Using arg[0] to access the programs binary is not save, because if it is called via the PATH variable it does not contain the path.

/proc/self/exe is a link to your executable.


October 21, 2007
Dnia 21-10-2007 o 17:45:54 Frank Benoit <keinfarbton@googlemail.com> napisaƂ(a):

Thank you everyone for your explanations.
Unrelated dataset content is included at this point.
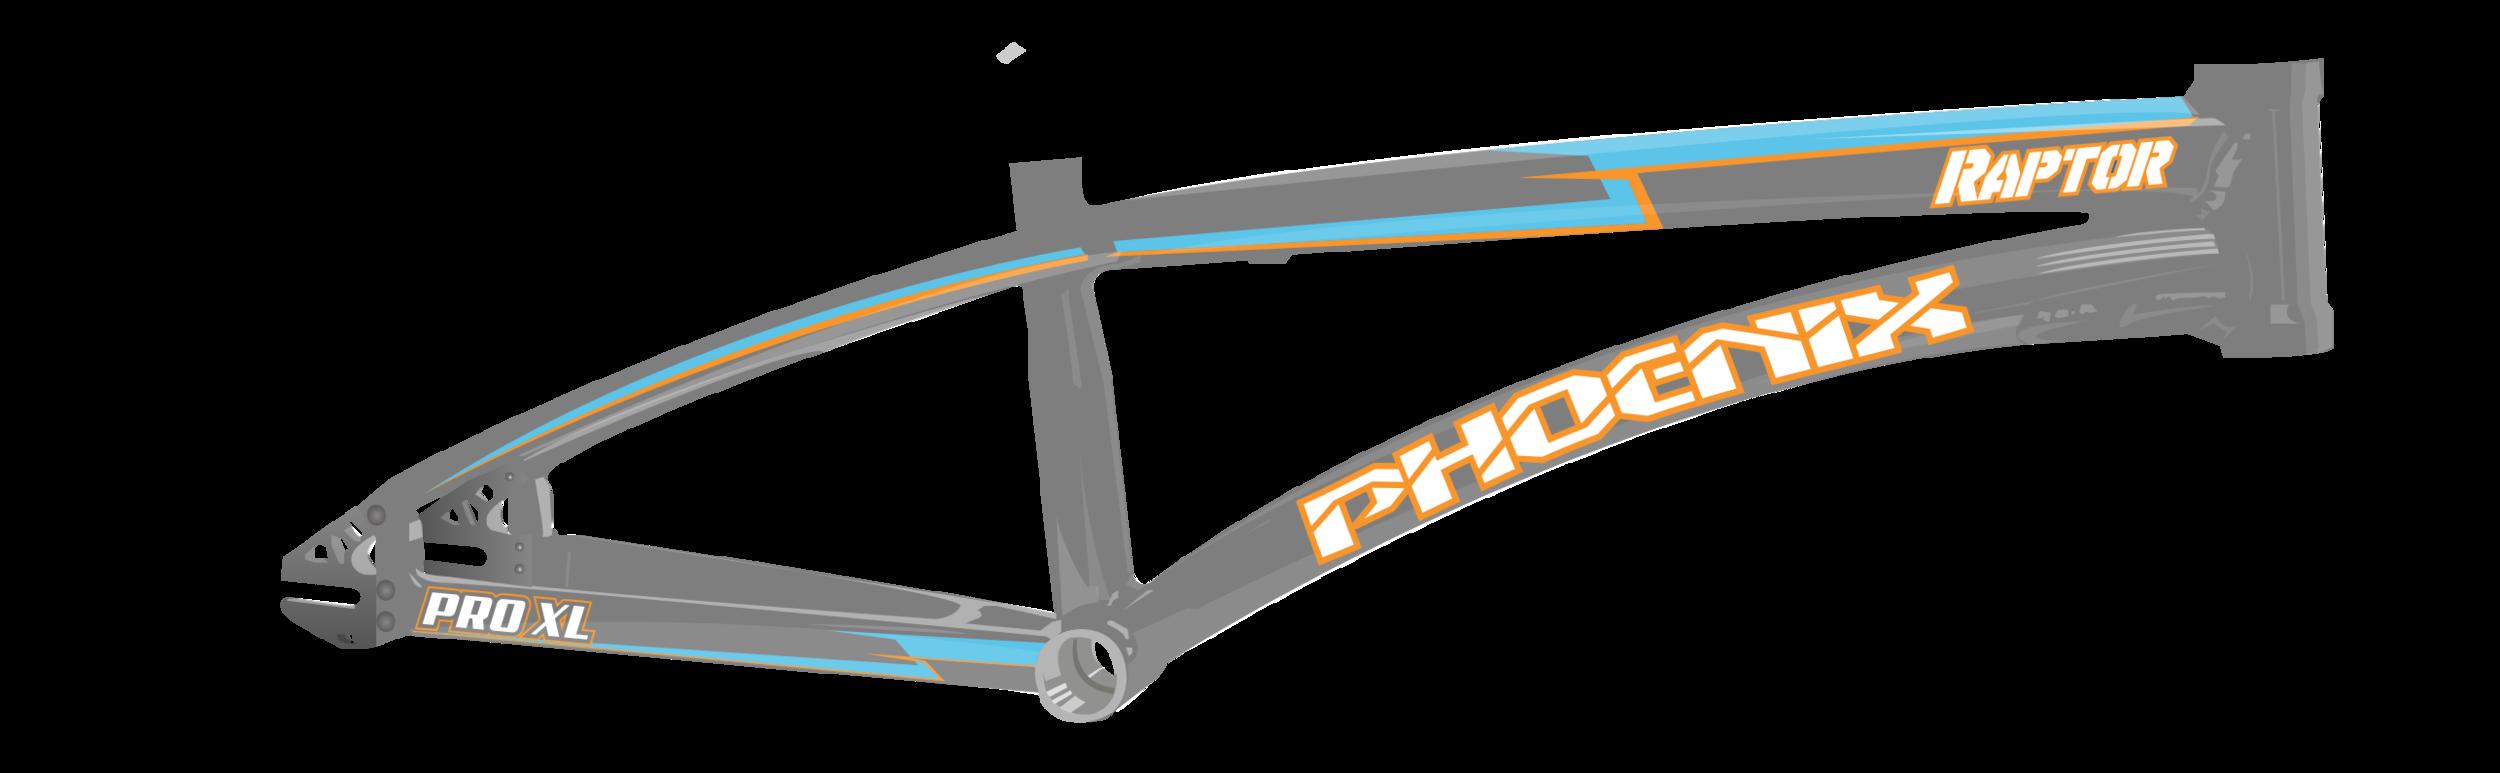 Phoenix Pro Cycles Frame mockup

This test below proves what you wrote:

$ echo -en '\x03\x00\x00\x00abcdefgh' > string.dat

A test code:
-----------------
import std.stdio;
import std.stream;

int main(char [][] args) {
	Stream input=new File(args[1], FileMode.In);
	char[] data;
	input.read(data);
	writefln("data.length=", data.length, " data=", data);
	input.close();
	return 0;
}
-----------------
$ dmd test.d
$ ./test ./string.dat
data.length=3 data=abc

So the program reads 7 bytes - array length (4 bytes) + 3 bytes of data.
Switching type of data to ubyte[5] makes the program read exactly 5 bytes ("\x03\x00\x00\x00a").

> Using arg[0] to access the programs binary is not save, because if it is
> called via the PATH variable it does not contain the path.
> /proc/self/exe is a link to your executable.

Well, argv[0] was just a quick and dirty test file, nevertheless thanks for your hint :)